Nigeria is a country replete with contradictions, which have posed great challenges to our meaningful and sustainable development.

Last December, I travelled from Lagos to Onitsha by road. Along the way were all manner of security agents that make life more unbearable for Nigerians. Among others, we came across close to 15(Yes, 15!) Customs check-points. As we discovered later, a team of 12 personnel designated to man a single check-point will spilt into 3 groups, with the effect of mounting two more road-blocks thereby widening their highly-efficient extortion platforms and further unleashing more pains on hapless travellers.

It also instructive – and we have it on good authority – that they do not engage in such recklessness on the Northern Nigeria roads.

Only yesterday, I travelled to Ikom from Calabar – my first trip to Ikom. Today, as I boarded the Siena bus from Ikom to Onitsha, an argument ensued between our driver and two male passengers. Curious, I tried to intervene, and the driver revealed that the two men were Cameroonians without papers and he was asking them for special charges to “settle” Immigration, Police and Army check-points on the way. My first reaction was to ask how they managed to enter Nigeria, to which the driver shrugged. . I explained to him why he should not carry illegal aliens since they posed danger to our country. How would he know if he was carrying a terrorist on the run from another country?

At the base of all this, is that most of the border security personnel whose primary responsibility is to prevent the inflow of illegal aliens have been compromised through and through. Having created a piece of merchandise, the trade continues to spread to the detriment of the country. Illegal immigration has become big business for security agencies. The drivers who convey those illegals already know the amounts with which to settle the security agents.

Another interesting revelation is that the security agents actually watch out for the illegal aliens, not so much as to apprehend them but, to determine what they should collect from the drivers as pay-off. When they doubt the driver, they go through the motions of asking suspicious passengers their towns, State and language of origin to satisfy themselves that the driver has not cheated them. What a country!

Between Ikom and Abakiliki, we came across 7 army check-points; 2 immigration posts, and 9 police road-blocks. At each of the check-point, the driver would stop on his own volition and do the needful. If he did not stop – whether or not there was any security agent in sight to flag him down – the driver would be ordered by the next check-point to turn back and go to “settle” the check-point he omitted – they communicate by phone. What a country!

In Abayom area, several army check-points were barely a pole apart. A plethora of security check-points also littered Yahe-Yalla, Ofuma, Ukene and Ezenwenyi, Our driver informed us that the soldiers were posted to those border areas of Cross River and Ebonyi States due to their boundary disputes, but had since joined the gravy train of toll collection from motorists and commuters.
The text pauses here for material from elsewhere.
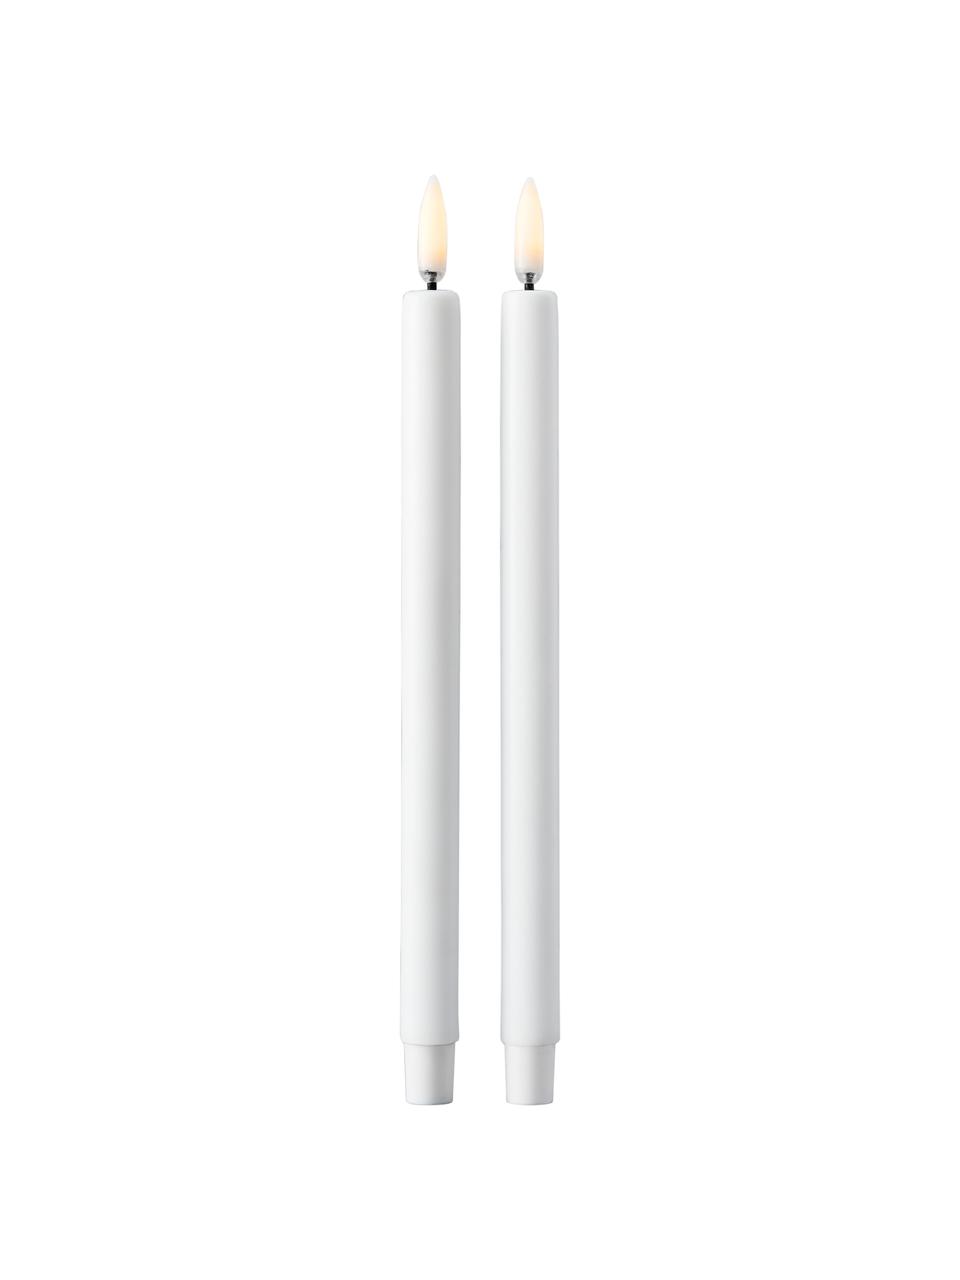 LED-Stabkerzen Uyuni Lighting, 2 Stück, Kunststoff, Weiß, Ø 1 x H 20 cm

What a country!

It has become customary for Nigerians to resign themselves to fate over so many wrongs in the country. The truth is that once we get a good leader, all those nonsense will stop. There is no crime that does not have appropriate solution. This reminds me of a certain Cambyses, who, confronted by high judicial crime in his realm, flayed a corrupt judge alive and used his skin to upholster judicial seat. What a reminder to other judges of what awaited corrupt judges!

For how long will Nigerians play chess with their country. What a country!

I have pics of the encounter with some of those security agents which may be recessed on demand. What a country.